Unindexable	Cannot access elements by index or slice
Hashable elements	Elements must be hashable (immutable types)
Fast lookup	O(1) average time for membership testing

# Duplicates are automatically removed
numbers = {1, 2, 2, 3, 3, 3}
print(numbers)  # {1, 2, 3}

# Mixed types work
mixed = {1, "hello", 3.14, True}
print(mixed)  # {1, 3.14, 'hello'}

Hashable vs Unhashable Elements

Elements stored in a set must be hashable (immutable). This means you can store strings, numbers, tuples, and frozensets — but not lists, dictionaries, or other sets.

# Valid set elements
valid = {1, "hello", (1, 2, 3), frozenset({4, 5})}

# Invalid — uncommenting raises TypeError
# invalid = {1, [2, 3]}       # lists are unhashable
# invalid = {1, {"a": 1}}     # dicts are unhashable
# invalid = {1, {2, 3}}       # sets are unhashable

Creating Sets

1. Set Literal

Use curly braces — but not for empty sets (that creates a dictionary):

# Set with elements
colors = {"red", "green", "blue"}
print(colors)  # {'red', 'green', 'blue'}

# Empty set — must use set(), NOT {}
empty_set = set()
empty_dict = {}  # This is a dictionary, not a set!

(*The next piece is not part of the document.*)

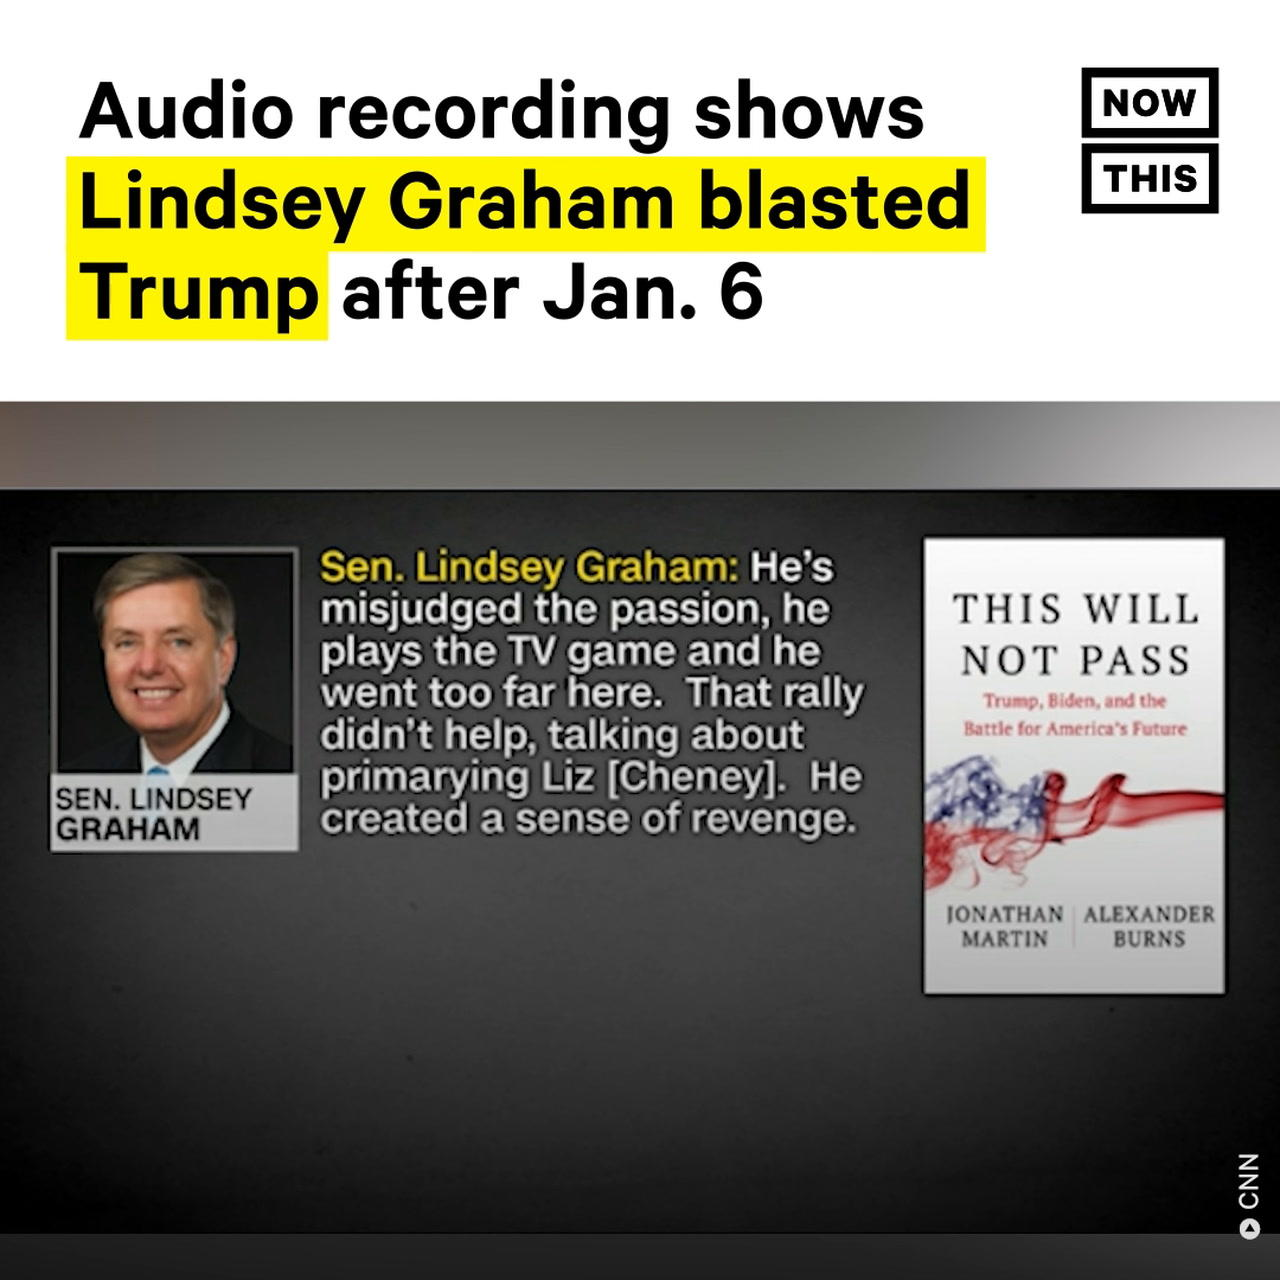 Lindsey Graham Slams Trump in Audio Recording After Jan 6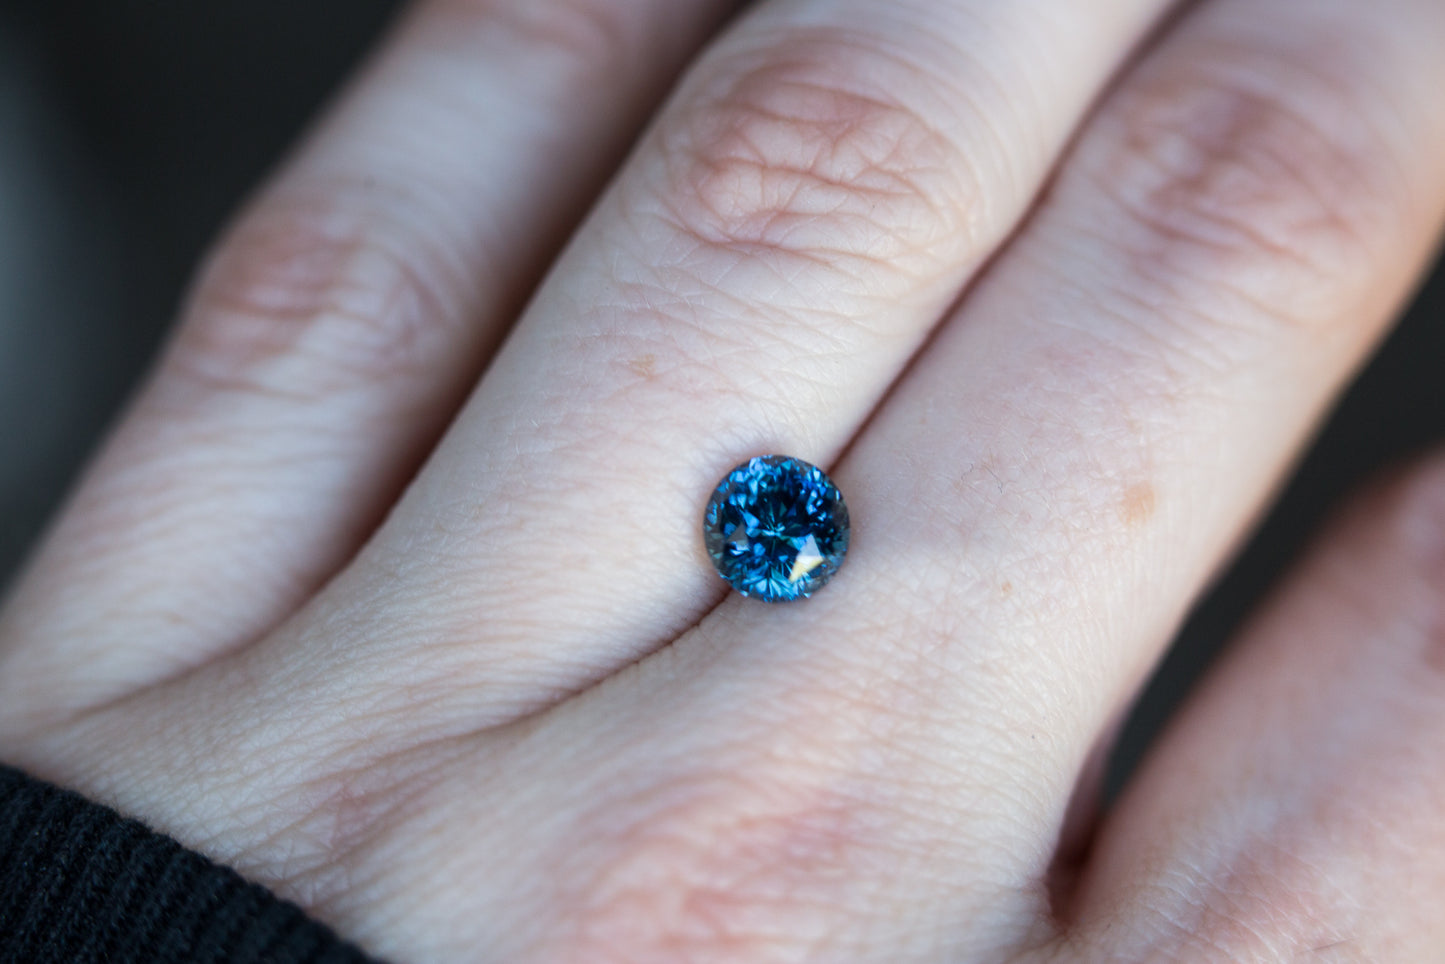 1.94ct blue/teal round sapphire

print(type(empty_set))  # <class 'set'>
print(type(empty_dict))  # <class 'dict'>

2. set() Constructor

Convert any iterable into a set:

# From a list
from_list = set([1, 2, 3, 2, 1])
print(from_list)  # {1, 2, 3}

# From a tuple
from_tuple = set((10, 20, 30))
print(from_tuple)  # {10, 20, 30}

# From a string (each character becomes an element)
from_string = set("hello")
print(from_string)  # {'h', 'e', 'l', 'o'}

# From a range
from_range = set(range(5))
print(from_range)  # {0, 1, 2, 3, 4}

# From a dictionary (keys become elements)
from_dict = set({"a": 1, "b": 2, "c": 3})
print(from_dict)  # {'a', 'b', 'c'}

3. Set Comprehension

Create sets using comprehension syntax:

# Squares of 0-9
squares = {x**2 for x in range(10)}
print(squares)  # {0, 1, 4, 9, 16, 25, 36, 49, 64, 81}

# Even numbers only
evens = {x for x in range(20) if x % 2 == 0}
print(evens)  # {0, 2, 4, 6, 8, 10, 12, 14, 16, 18}

# Transform and filter
processed = {x.upper() for x in ["hello", "world", "python"] if len(x) > 4}
print(processed)  # {'WORLD', 'PYTHON'}

4. From Strings, Lists, Tuples

# Characters from a string (duplicates removed)
word = "mississippi"
unique_chars = set(word)
print(unique_chars)  # {'m', 'i', 's', 'p'}

# Deduplicate a list
names = ["Alice", "Bob", "Alice", "Charlie", "Bob"]
unique_names = set(names)
print(unique_names)  # {'Alice', 'Bob', 'Charlie'}

# Convert back to sorted list
unique_sorted = sorted(set(names))
print(unique_sorted)  # ['Alice', 'Bob', 'Charlie']

Set Operations

Sets support all the mathematical operations you'd find in set theory. Python provides both operator syntax and method syntax for each operation.

Visual Reference

Architecture Diagram

    Set A = {1, 2, 3, 4}       Set B = {3, 4, 5, 6}

    Union (A | B):
    {1, 2, 3, 4, 5, 6}

    Intersection (A & B):
    {3, 4}

    Difference (A - B):
    {1, 2}

    Symmetric Difference (A ^ B):
    {1, 2, 5, 6}

Union (| or union())

Combines all elements from both sets:

A = {1, 2, 3, 4}
B = {3, 4, 5, 6}

# Operator syntax
print(A | B)       # {1, 2, 3, 4, 5, 6}

# Method syntax
print(A.union(B))  # {1, 2, 3, 4, 5, 6}

# Union with multiple sets
C = {7, 8}
print(A | B | C)   # {1, 2, 3, 4, 5, 6, 7, 8}

# Union with other iterables
print(A.union([5, 6, 7]))  # {1, 2, 3, 4, 5, 6, 7}

Intersection (& or intersection())

Elements present in both sets:

A = {1, 2, 3, 4}
B = {3, 4, 5, 6}

# Operator syntax
print(A & B)              # {3, 4}

# Method syntax
print(A.intersection(B))  # {3, 4}

# Intersection with multiple sets
C = {4, 5, 6, 7}
print(A & B & C)          # {4}

# Intersection with other iterables
print(A.intersection([3, 4, 5, 6]))  # {3, 4}

Difference (- or difference())

Elements in the first set but not in the second:

A = {1, 2, 3, 4}
B = {3, 4, 5, 6}

# Operator syntax
print(A - B)             # {1, 2}

# Method syntax
print(A.difference(B))   # {1, 2}

# Reverse difference
print(B - A)             # {5, 6}

# Difference with multiple sets
C = {2, 3}
print(A - B - C)         # {1}

# Difference with other iterables
print(A.difference([3, 4, 5]))  # {1, 2}

Symmetric Difference (^ or symmetric_difference())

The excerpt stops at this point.